As reasoning models produce long traces of intermediate decisions and tool calls, the locus of reliability shifts. interwhen makes the framing explicit: verifying only the final answer misses errors that occur early in the trace, so the unit of verification should be the process — intermediate states, tool calls, and policy compliance — checked continuously as the trace unfolds. The paper's agentic results dramatize the gap: pass^4 on the Telecom τ²-bench domain rises from 32% to 87% once intermediate verification is added, because most failures are not wrong final answers but process violations that compound.
This is a pattern, not a single result. Process-level supervision recurs across the literature as more informative than outcome-level supervision: process reward models score steps, structural-feature supervision derives signal from trajectory shape, and completeness scaffolds force explicit derivation. interwhen's distinctive contribution to the pattern is that it verifies policy compliance — whether the trace obeys a stated policy — not just logical correctness, which extends process verification beyond math and code into agentic domains where "correct" is defined by rules rather than ground-truth answers.
The pattern matters because it changes what "reliable" means for an agent. A model can produce the right final answer through a non-compliant or unsafe process, and outcome verification will pass it; process verification will not. This aligns with the vault's recurring finding that final-output signals are systematically misleading about what happened inside the model. Counterpoint and limit: process verification only helps where the process is checkable — interwhen depends on synthesizable verifiers, and where no verifier exists (open-ended generation, subjective tasks) the reframe offers no leverage. The honest scope is "tasks with formal or policy-expressible correctness criteria," which is broader than math/code but not universal. Why it matters: it reorients reliability engineering for agents away from answer-grading toward continuous in-process auditing.
— "interwhen: A Generalizable Framework for Steering Reasoning Models with Test-time Verification", https://arxiv.org/abs/2602.11202
Related concepts in this collection
-
Can structured templates make code reasoning more reliable than free-form thinking?
Unstructured chain-of-thought reasoning lets models skip cases and make unsupported claims. This explores whether semi-formal templates requiring explicit premises, evidence traces, and alternative checks can prevent these failure modes.

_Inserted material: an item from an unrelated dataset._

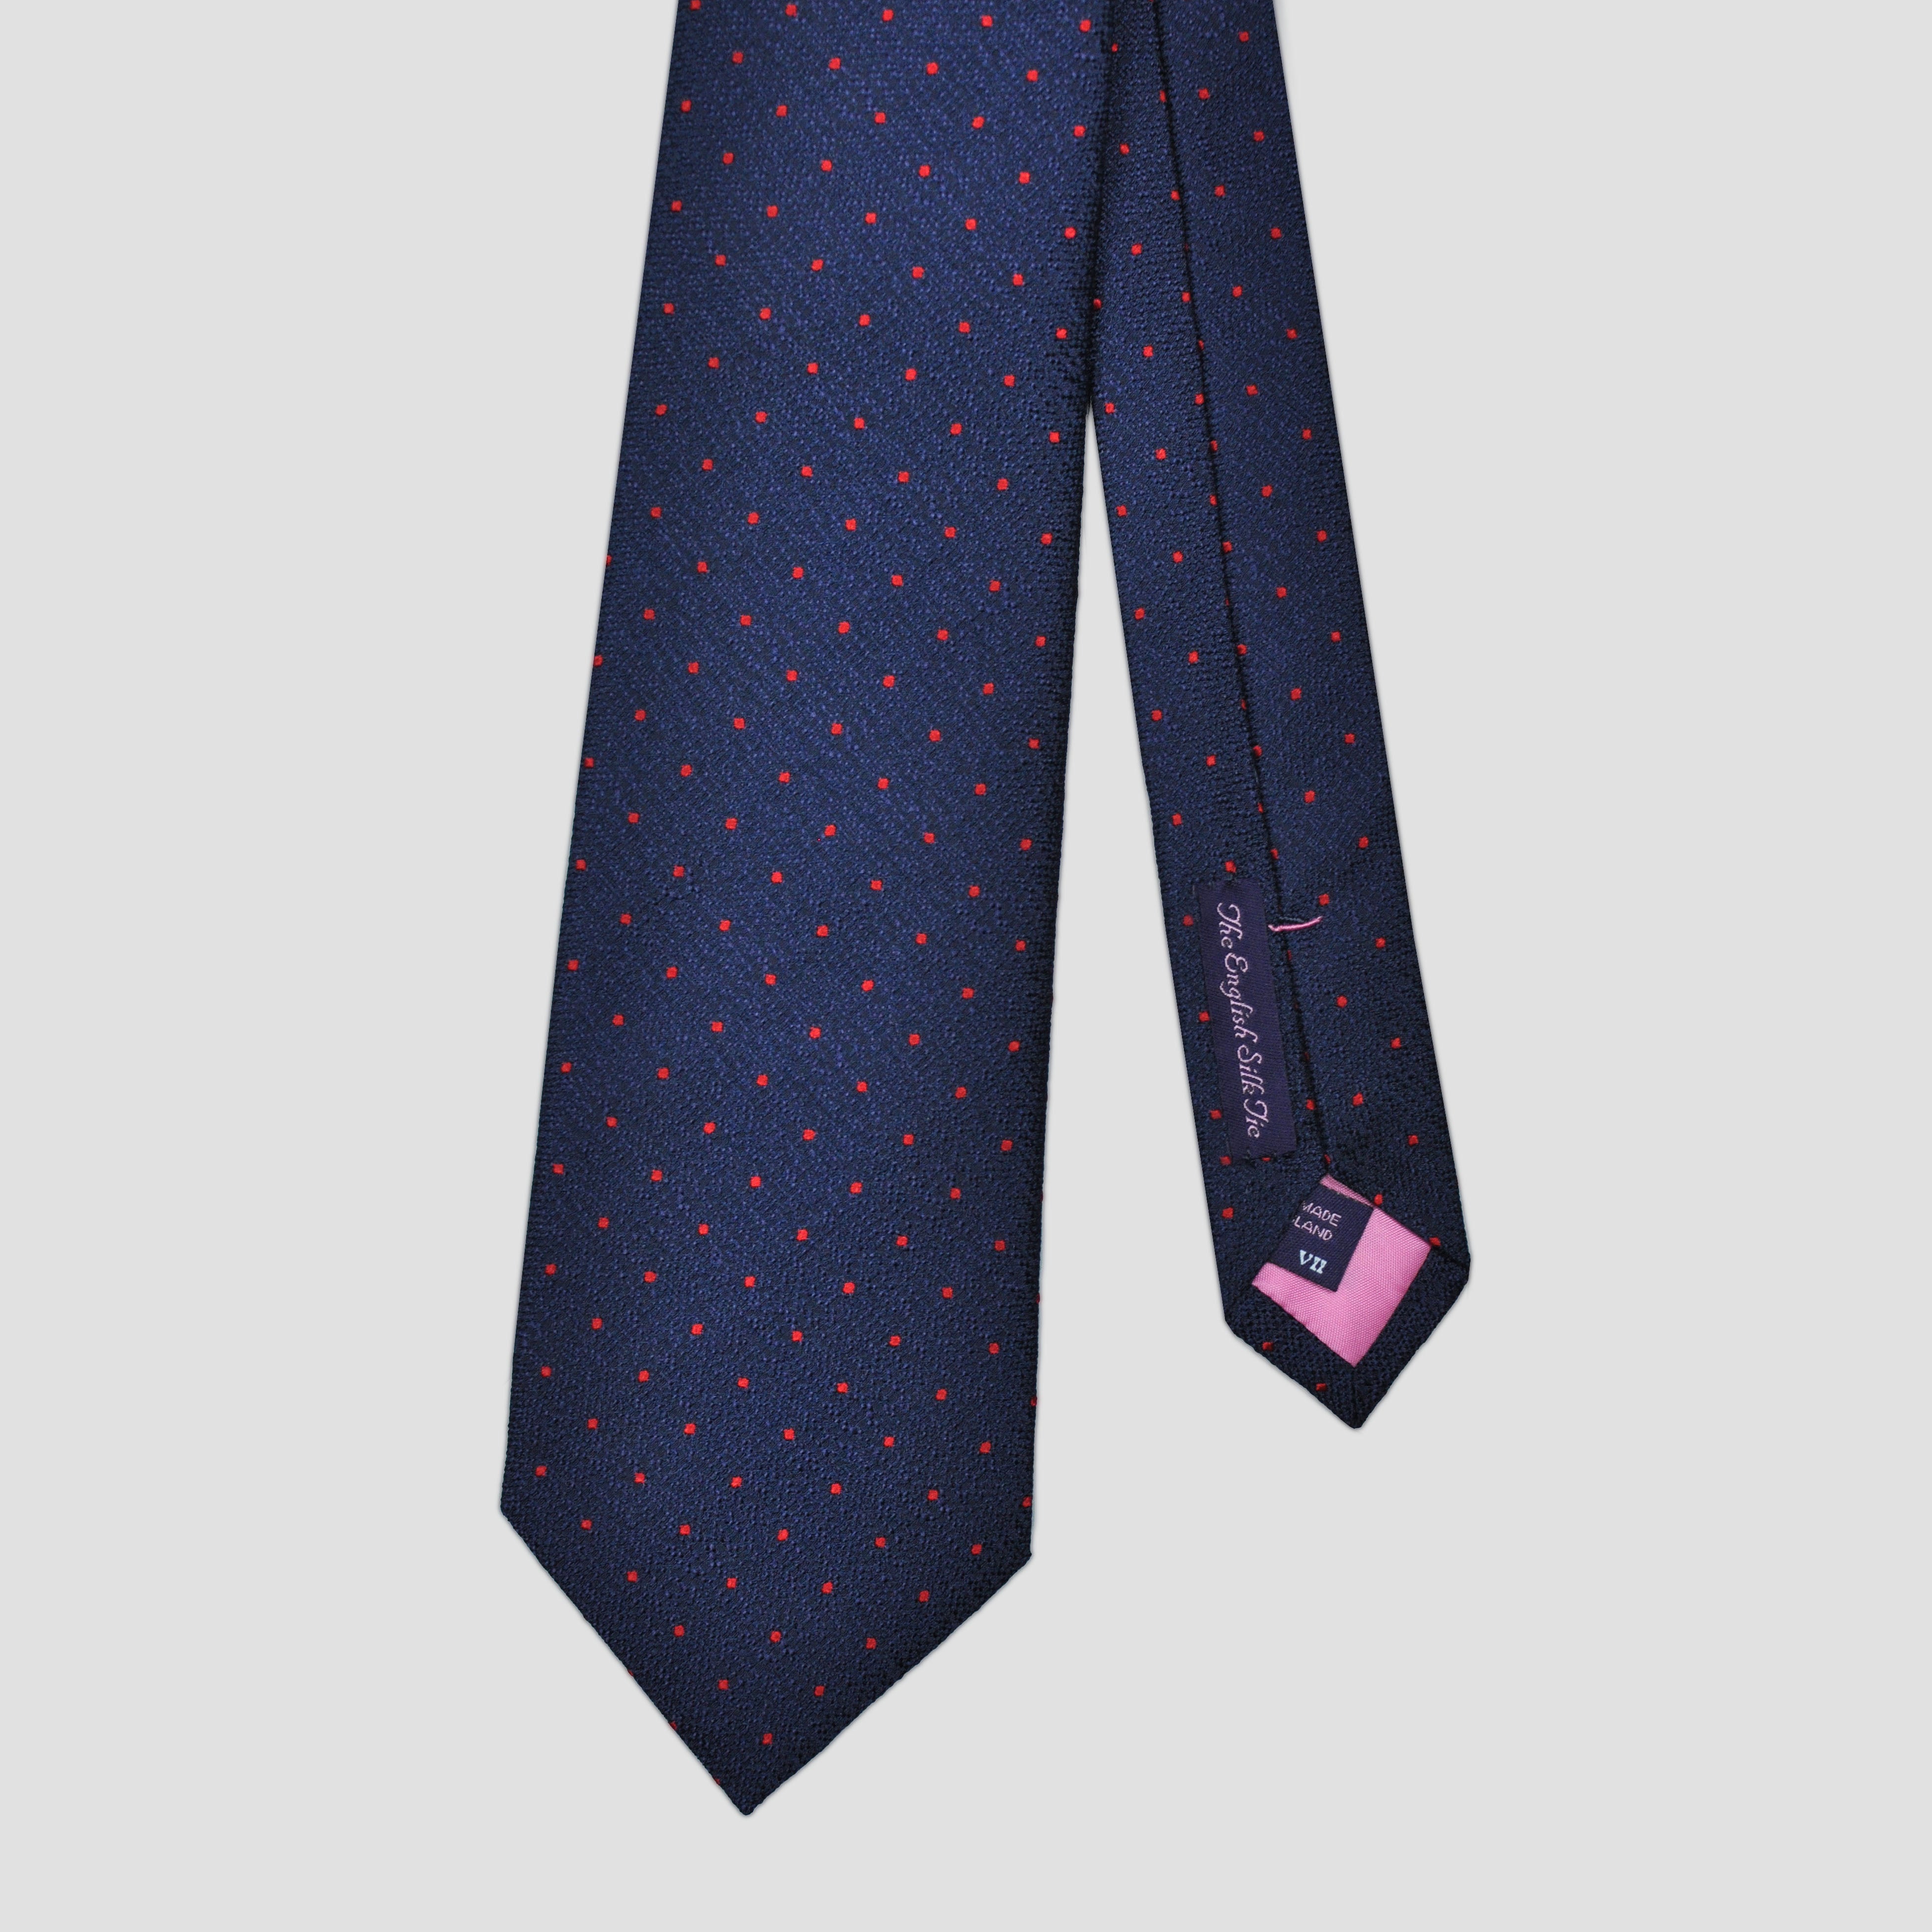 Classic Dots Silk Tie in Navy Blue & Red

another process-verification instrument: completeness scaffolds rather than asynchronous verifiers
-
Can structured templates replace formal verification for code reasoning?
Formal verification is rigorous but impractical at repository scale. Can natural-language templates with enforced structure provide the same reliability guarantees without the formalization cost? This explores the middle ground between unstructured reasoning and full formalism.
the design-space framing for process checking between unstructured CoT and full formalization
-
Does reflection in reasoning models actually correct errors?
When reasoning models reflect on their answers, do they genuinely fix mistakes, or merely confirm what they already decided? Understanding this matters for designing better training and inference strategies.
why self-verification fails and external process verification is needed instead
-
Can verifiers monitor reasoning without slowing generation down?
Explores whether asynchronous verification can catch reasoning errors while keeping token costs near parity with unmonitored reasoning. Matters because current approaches trade between catching early errors and computational overhead.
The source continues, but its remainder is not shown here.